#### [Data provided]
◇ ◇ ◇ ◇

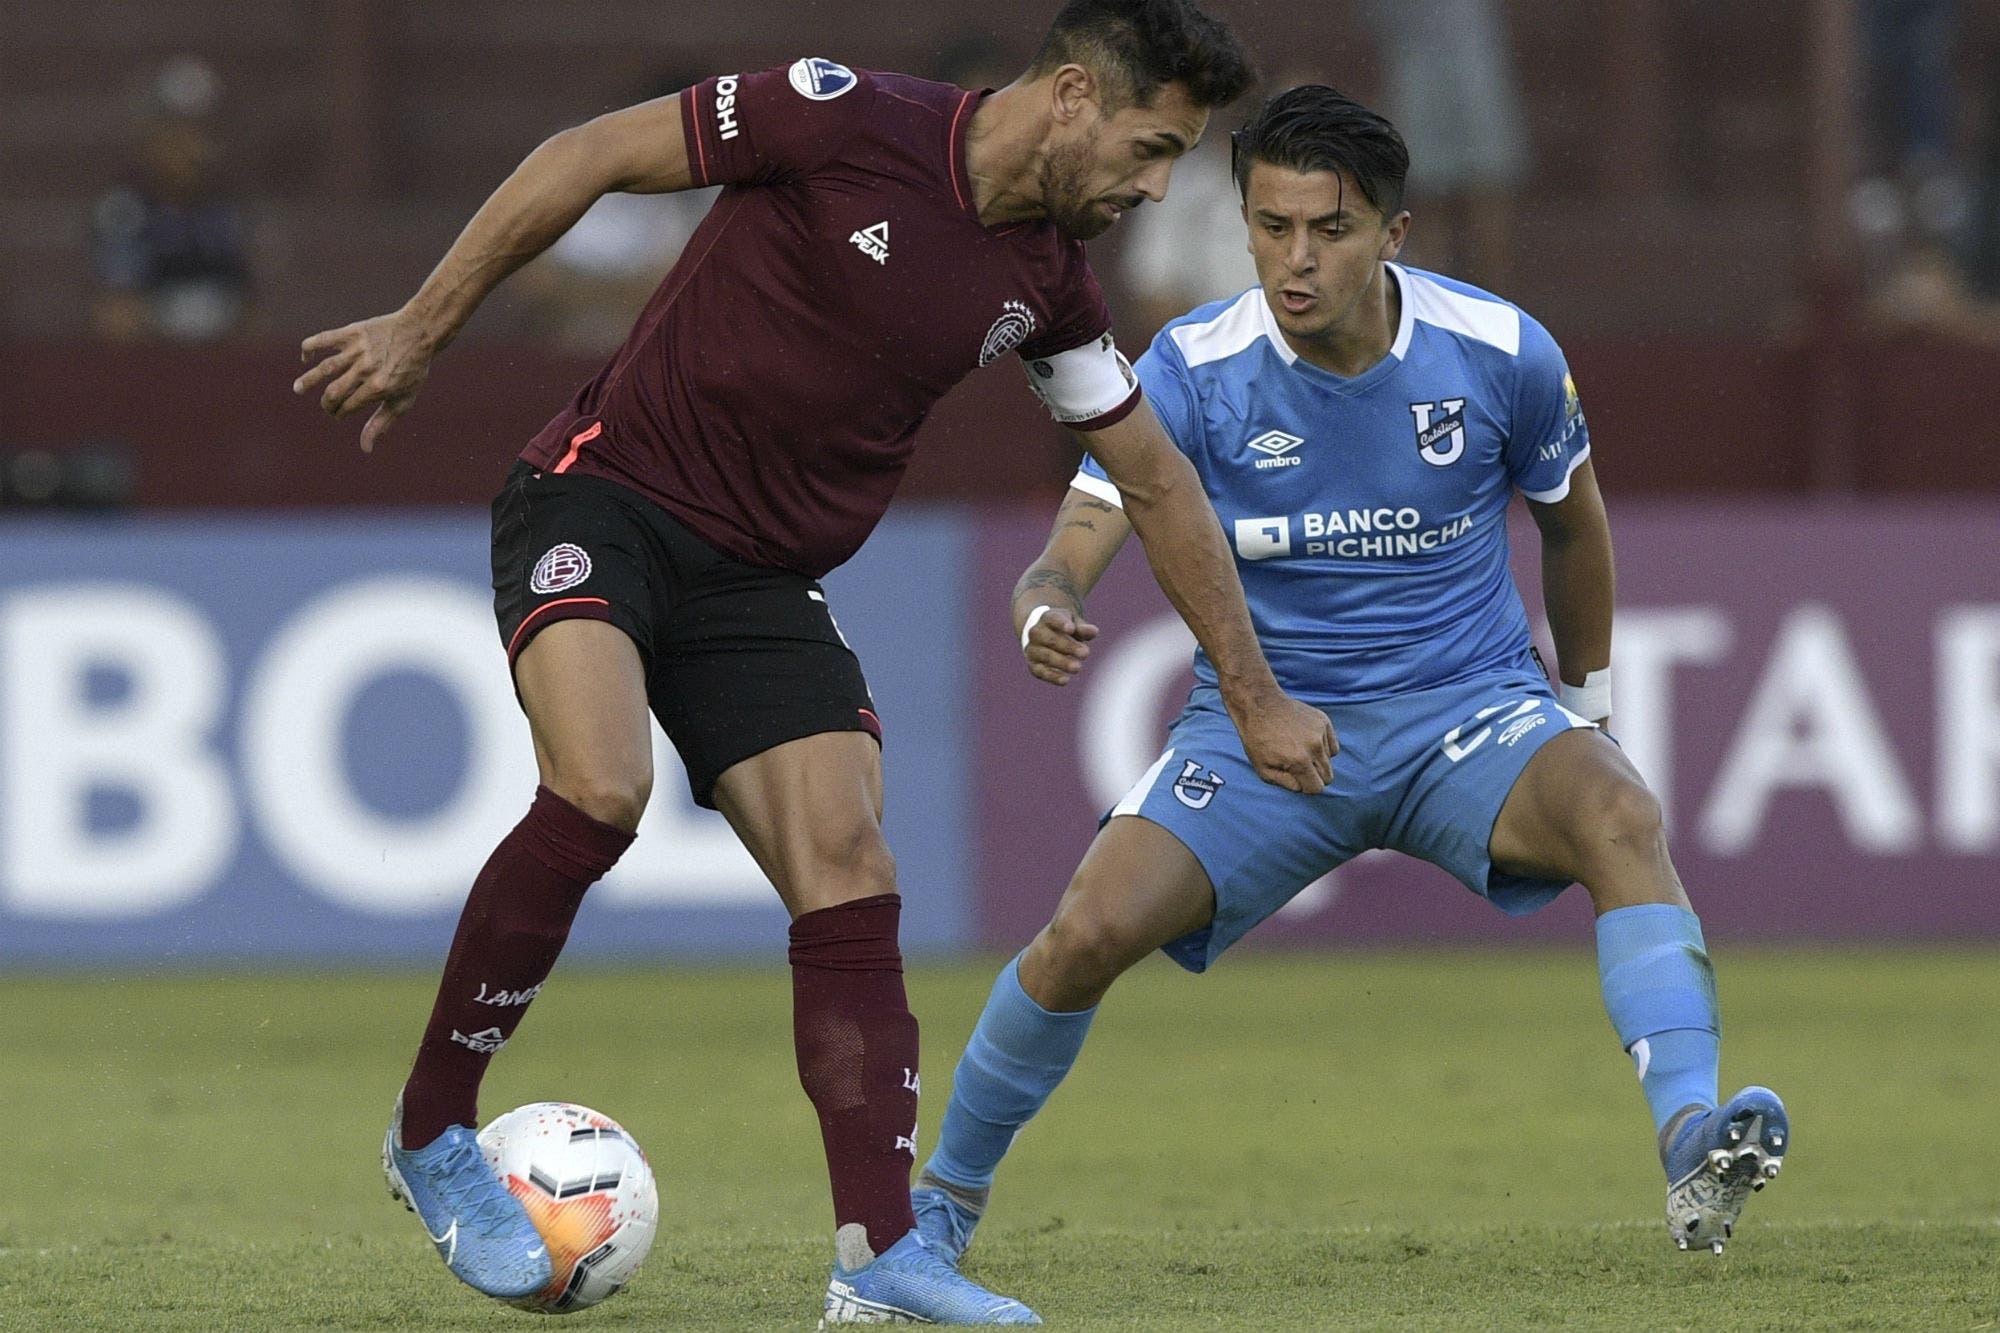 Lanús-Universidad Católica de Ecuador, por la Copa Sudamericana: el equipo argentino da el primer paso
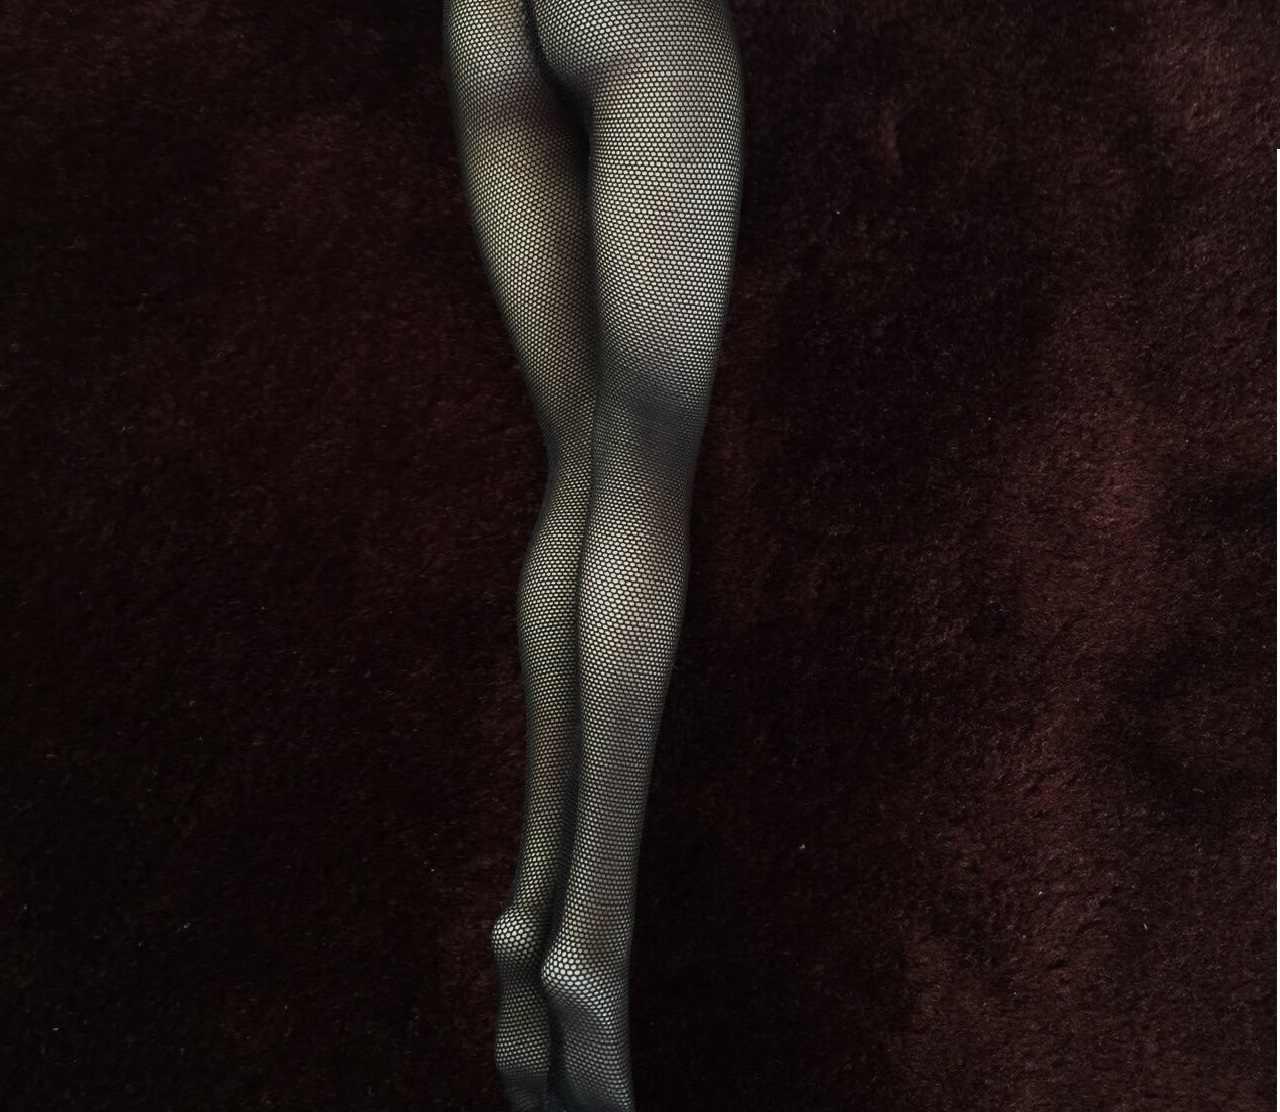 Biały 1/6 skala kobiet żołnierz rajstopy pończochy do ciała wysoki wzrost pończochy dla 12in Phicen Tbleague Hottoy lalki
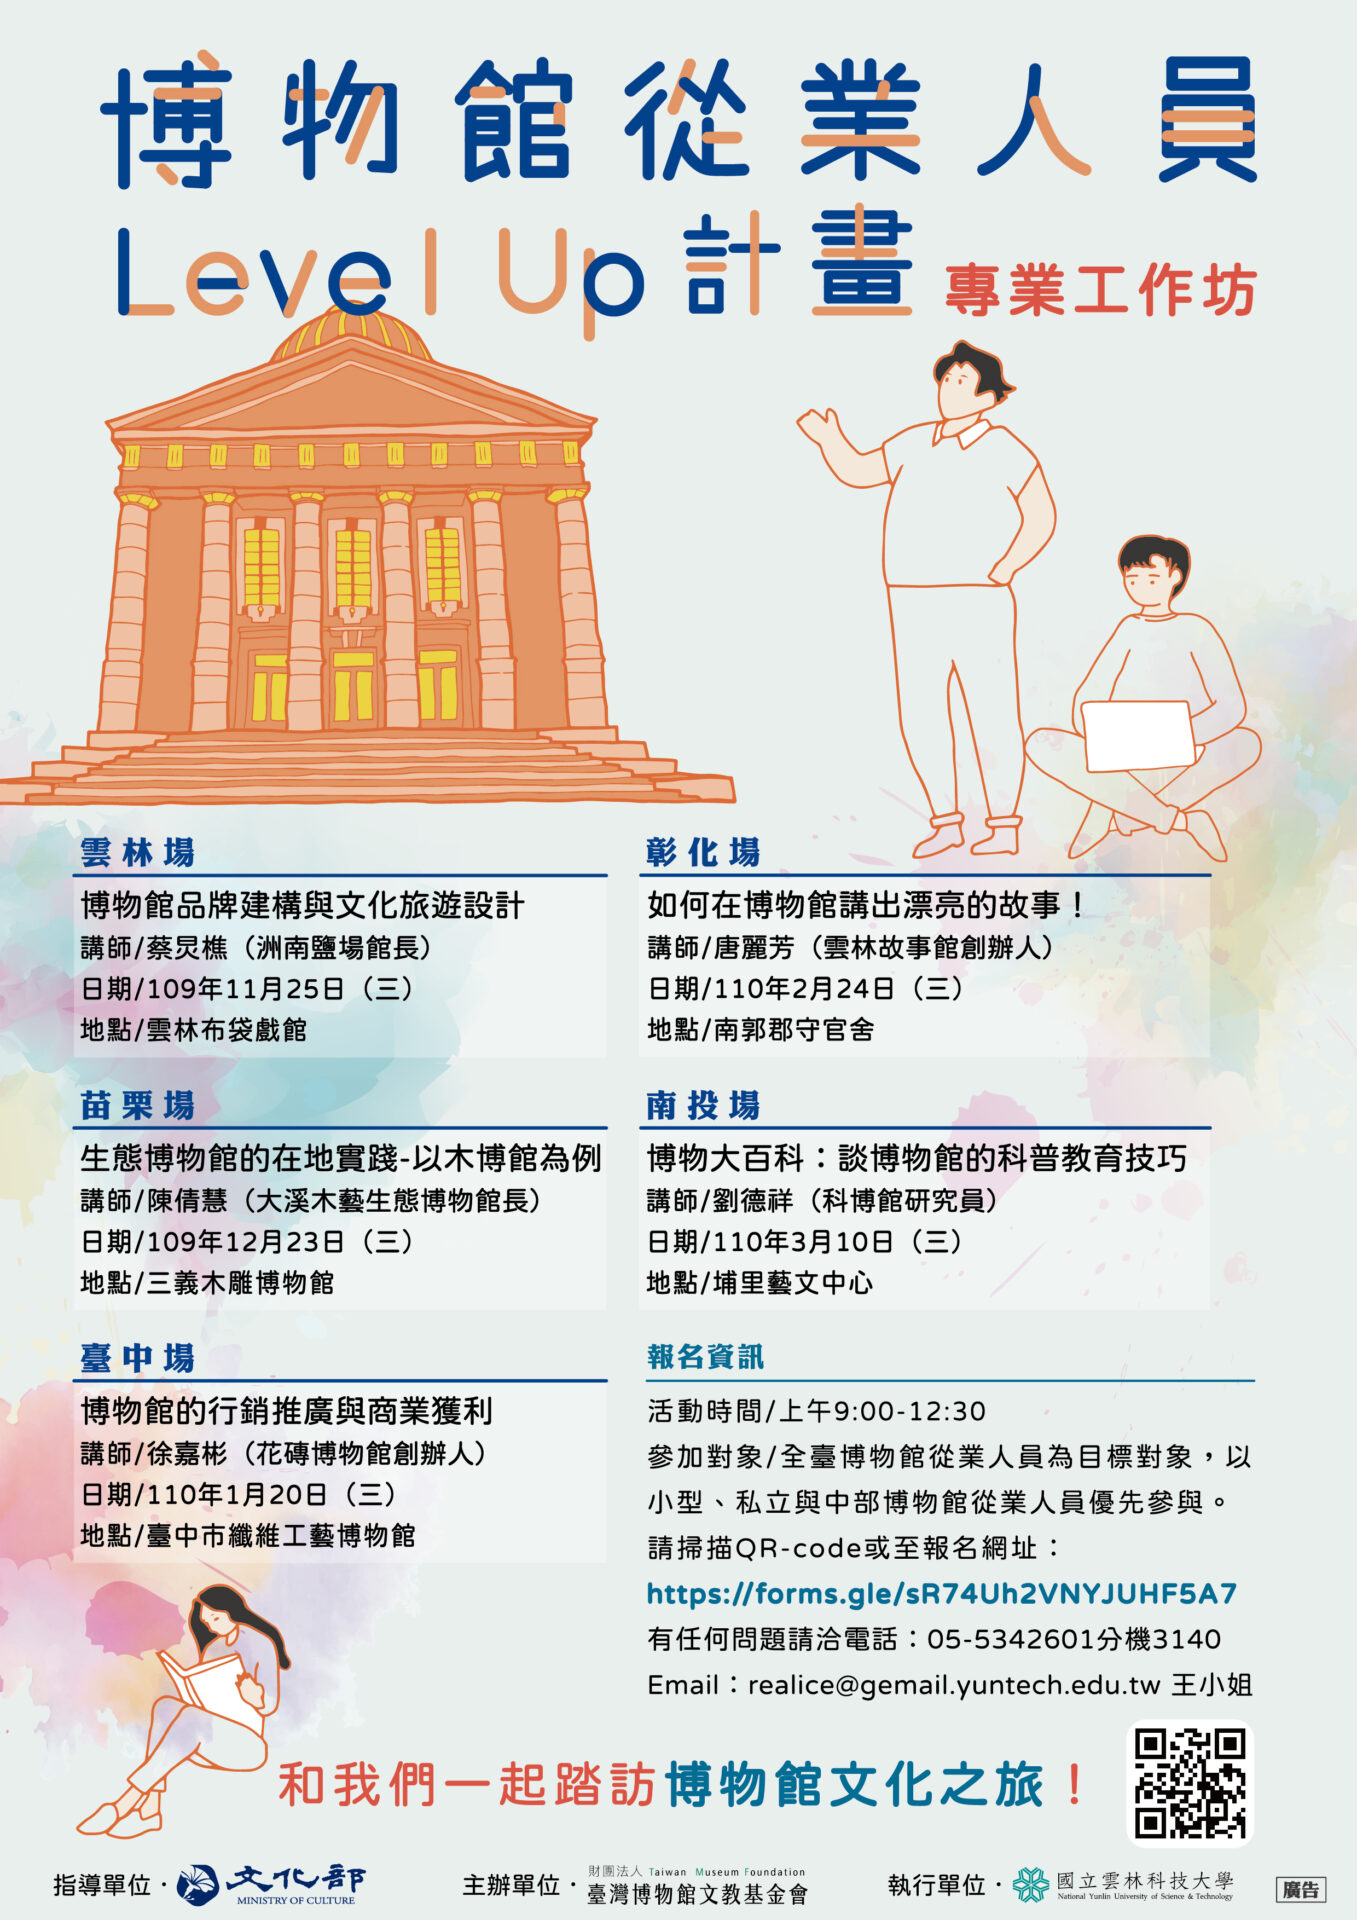 財團法人臺灣博物館文教基金會:2020/11/25、12/23、2021/01/20、2021/02/24、2021/03/10【博物館從業人員Level Up計畫(中部)—專業工作坊】

◇ ◇ ◇ ◇

#### [Instructions for the task]
Leave every picture out, and reproduce exactly the lines from the line bearing "Biały 1/6 skala" through the closing line of the material above.

#### [Response area]
 Biały 1/6 skala kobiet żołnierz rajstopy pończochy do ciała wysoki wzrost pończochy dla 12in Phicen Tbleague Hottoy lalki
 財團法人臺灣博物館文教基金會:2020/11/25、12/23、2021/01/20、2021/02/24、2021/03/10【博物館從業人員Level Up計畫(中部)—專業工作坊】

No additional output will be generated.